Whatever the outcome is though, one thing I'd suggest to make sure that attributes are not "dependent" on where these are specified. Example (from a real-world deployment):

class SettingsBase(Component):
    attribute1 = Attribute(dict, ...)
    attribute2 = Attribute(split_colon_into_dict, ...)

Effectively, attribute1 can only be configured via a subclass while attribute2 can only be reasonably configured in the environment config (thouhg it would be theoretically possible to do that in a subclass as well).

As a beginner it's tempting to assume that Attribute(dict) is the way to go (and even more with Attribute(list)) and that ad-hoc parsers are problematic was already mentioned.

[ctheune]

Yeah passing a factory/type conversion to the Attribute that isn't prepared to handle strings as inputs is bad.

IMHO those are good examples why I'd like to switch to Python in general so we loose this layer of conversion.

[Ma27]

IMHO those are good examples why I'd like to switch to Python in general so we loose this layer of conversion.

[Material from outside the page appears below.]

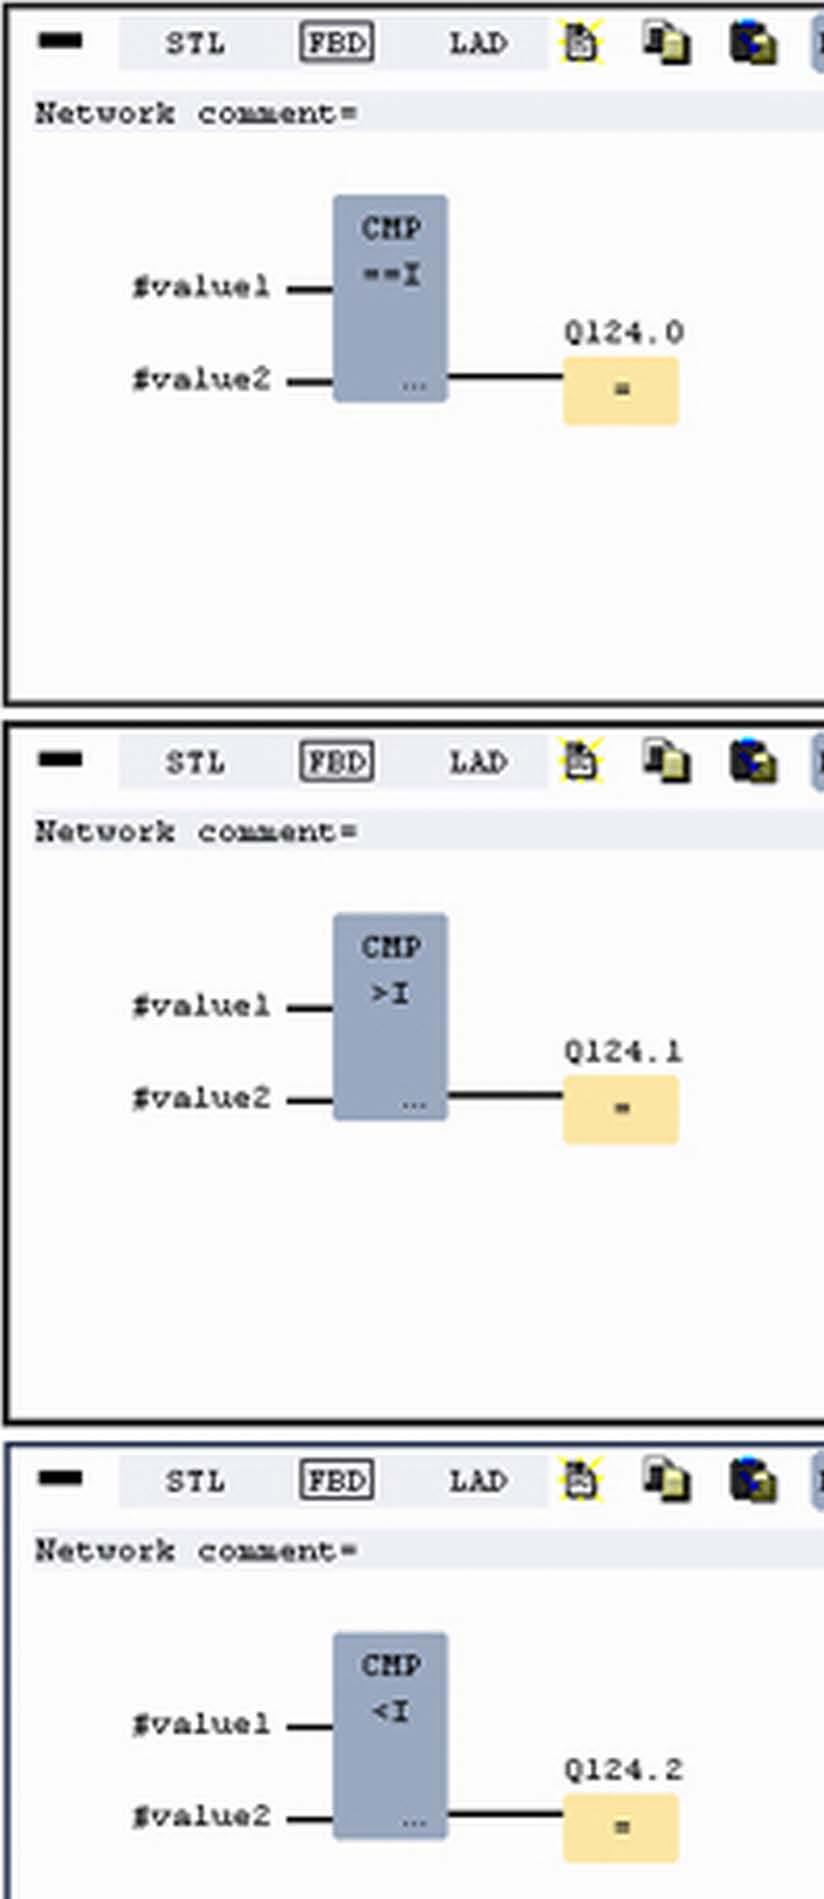 WinPLC7 VIPA System 300S + Example project engineering > Project engineering Adding a new network For further comparisons the operations "CMP>I" at Q 124.1 and "CMP<I" at Q 124.2 are necessary.

I had a few thoughts about that which I'd like to share here, perhaps these are helpful in sketching out the design for that:

• I'm not sure what your proposal exactly looks like, but with plain inheritance we may be able to get autocompletion (and maybe even typechecking) for free with tooling like python-lsp-server.
• When using Python for that, we'd enable people to put logic into the (secret) configuration files which may be used to e.g. configure a service in the environment config when it's only needed on production. Right now you'd have to work with feature flags (not sure if that's the correct term, I mean the component:feature syntax) or attributes and I'm not sure if putting logic into the configuration is desirable in the context of batou. What I'm wondering is, do you intend to use components for that or a different "format"? Especially in the former case I think it might be good to think about how much logic is OK in (environment-specific) configuration and document that explicitly.
• In an AppOps meeting a while ago we discussed about "mergeable" secret files, i.e. a format that's trivial to git cherry-pick when changing a single secret. It was suggested use a single symmetric key and encrypt that one for all recipients, i.e. every member of the RG for instance to reduce the diff when adding/removing people. This is basically what sops is doing for numerous keys including age & pgp. AFAIK that's only doable with YAML as data structure when using sops, so we'd need to come up with our own implementation for that problem. Probably not that of a big deal, but I still worth mentioning IMHO.

[ctheune]

Integration with Type Annotations would be really helpful. Yes. batou hasn't caught up on that end at all.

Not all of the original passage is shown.